Here is are my helper functions:

module MaybeEliminatorHelper where

open import Data.Maybe
open import Category.Monad
open import Function

open import Data.List

open import Category.Functor


sequence-maybe : ∀ {a} {A : Set a} → List (Maybe A) → Maybe (List A)
sequence-maybe = sequence Data.Maybe.monad


join : {A : Set} → Maybe (Maybe A) → Maybe A
join m = m >>= id
  where 
    open RawMonad Data.Maybe.monad


maybe-list-elem : {A : Set} → Maybe (List (Maybe A)) → Maybe (List A)
maybe-list-elem mlm = join (sequence-maybe <$> mlm)
  where open RawFunctor functor

{-
sequence-maybe : [Maybe a] -> Maybe [a]

join :: Maybe (Maybe a) -> Maybe a


Maybe (List (List (Maybe A))
  Maybe.fmap (List.fmap sequenc-maybe)
Maybe (List (Maybe (List A))
  Maybe.fmap sequence-maybe
Maybe (Maybe (List (List A)))
  join
Maybe (List (List A))



join . Maybe.fmap sequence-maybe . Maybe.fmap (List.fmap sequenc-maybe)

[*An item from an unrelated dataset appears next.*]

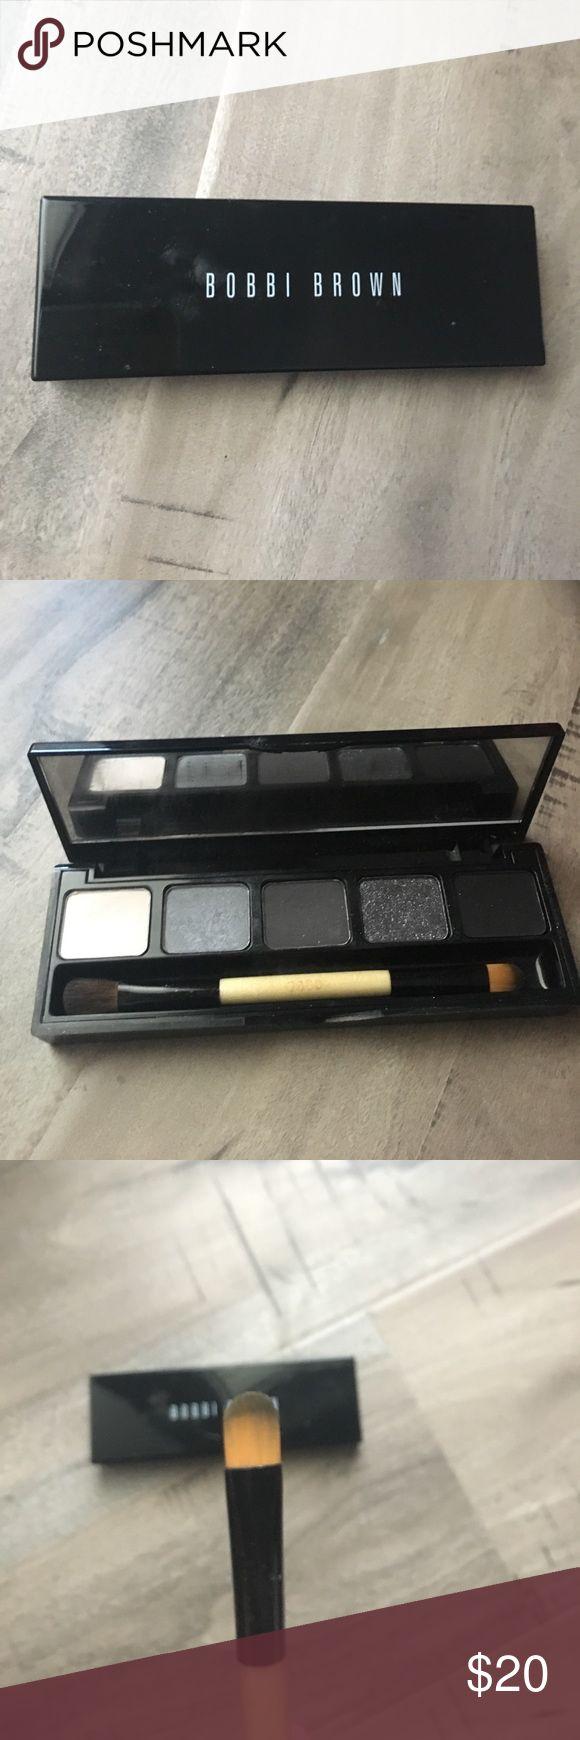 Bobbi brown eyeshadow set! Used this more for the brush than the eyeshadow!make me an offer! Bobbi Brown Makeup Eyeshadow

join . Maybe.fmap (sequence-maybe . List.fmap sequenc-maybe)
(short form)

-}

maybe-list-elem2 : {A : Set} → Maybe (List (List (Maybe A))) → Maybe (List (List A)) 
maybe-list-elem2 = join ∘ Mfmap (sequence-maybe ∘ Lfmap sequence-maybe)
  where
    open RawMonad Data.Maybe.monad hiding (join) renaming (_<$>_ to Mfmap)
    open RawMonad Data.List.monad hiding (join) renaming (_<$>_ to Lfmap)


maybe-list-maybe-eliminate = maybe-list-elem

maybe-list-list-maybe-eliminate = maybe-list-elem2

Further helper functions:

-- ***
-- WAS PRELUDE IMPORTS
open import StringHelpers using (charToℕ; stringToℕ)

open import Data.String hiding (_==_)
open import Data.Char
open import Function
open import Data.Nat
open import Data.Unit
open import Data.Maybe



open import Text.Parser

open import Data.List


-- mini helpers
--

parseOne : String → Parser Char
parseOne = oneOf ∘ toList 

strLength : String → ℕ
strLength = length ∘ toList 


-- misc helpers
--

charsToℕ : List Char → Maybe ℕ
charsToℕ [] = nothing
charsToℕ xs = stringToℕ (fromList xs)

toL : ∀ {a} {A : Set a} → A → List A
toL x = x ∷ []


-- test
l : List (Maybe ℕ)
l = (just 3) ∷ (just 3) ∷ []


-- Parser Helpers Nicolas
--
isSpace : Char → Bool
isSpace = (_==_ ' ')

spaces : Parser ⊤
spaces = manySat isSpace *> pure _

-- decide if seperator before after brackets is spaces
someSpaces : Parser ⊤
someSpaces = someSat isSpace *> pure _

tok : Char → Parser ⊤
tok c = spaces *> char c *> pure _

bracket : ∀ {A} → Char → Parser A → Char → Parser A
bracket start p stop = tok start *> p <* tok stop

And some test cases:

tn09 : pList "12,13,,14" ≡ nothing
tn09 = refl

tn08 : pList "" ≡ nothing
tn08 = refl

tn07 : pList "12,13,14" ≡ nothing
tn07 = refl

-- not working tn06 : pList "(12,13,14,17)," ≡ nothing
-- not working tn06 = refl

tn05 : pList "aa,bb,cc" ≡ nothing
tn05 = refl

tn04 : pList "11" ≡ nothing 
tn04 = refl

tn03 : pList "(11,12,13)" ≡ just (11 ∷ 12 ∷ 13 ∷ [])
tn03 = refl


-- new testcases
tn11 : pList2 "((1,2,3),(4,5,6),(7,8,9))" ≡ just ((1 ∷ 2 ∷ 3 ∷ []) ∷ (4 ∷ 5 ∷ 6 ∷ []) ∷ (7 ∷ 8 ∷ 9 ∷ []) ∷ [])
tn11 = refl

-- old testcases
p1 : pList2 "((1,2,3),(4,5,6))" ≡ just ((1 ∷ 2 ∷ 3 ∷ []) ∷ (4 ∷ 5 ∷ 6 ∷ []) ∷ [])
p1 = refl


p2 : pList2 "((1,2,3),(4,5,6),(7,8,9,10))" ≡ just ((1 ∷ 2 ∷ 3 ∷ []) ∷ (4 ∷ 5 ∷ 6 ∷ []) ∷ (7 ∷ 8 ∷ 9 ∷ 10 ∷ []) ∷ [])
p2 = refl

p3 : pList2 "((1),(2))" ≡ just ((1 ∷ []) ∷ (2 ∷ []) ∷ [])
p3 = refl

p4 : pList2 "((1,2))" ≡ just ((1 ∷ 2 ∷ []) ∷ [])
p4 = refl

I am open for suggestions to improve the code.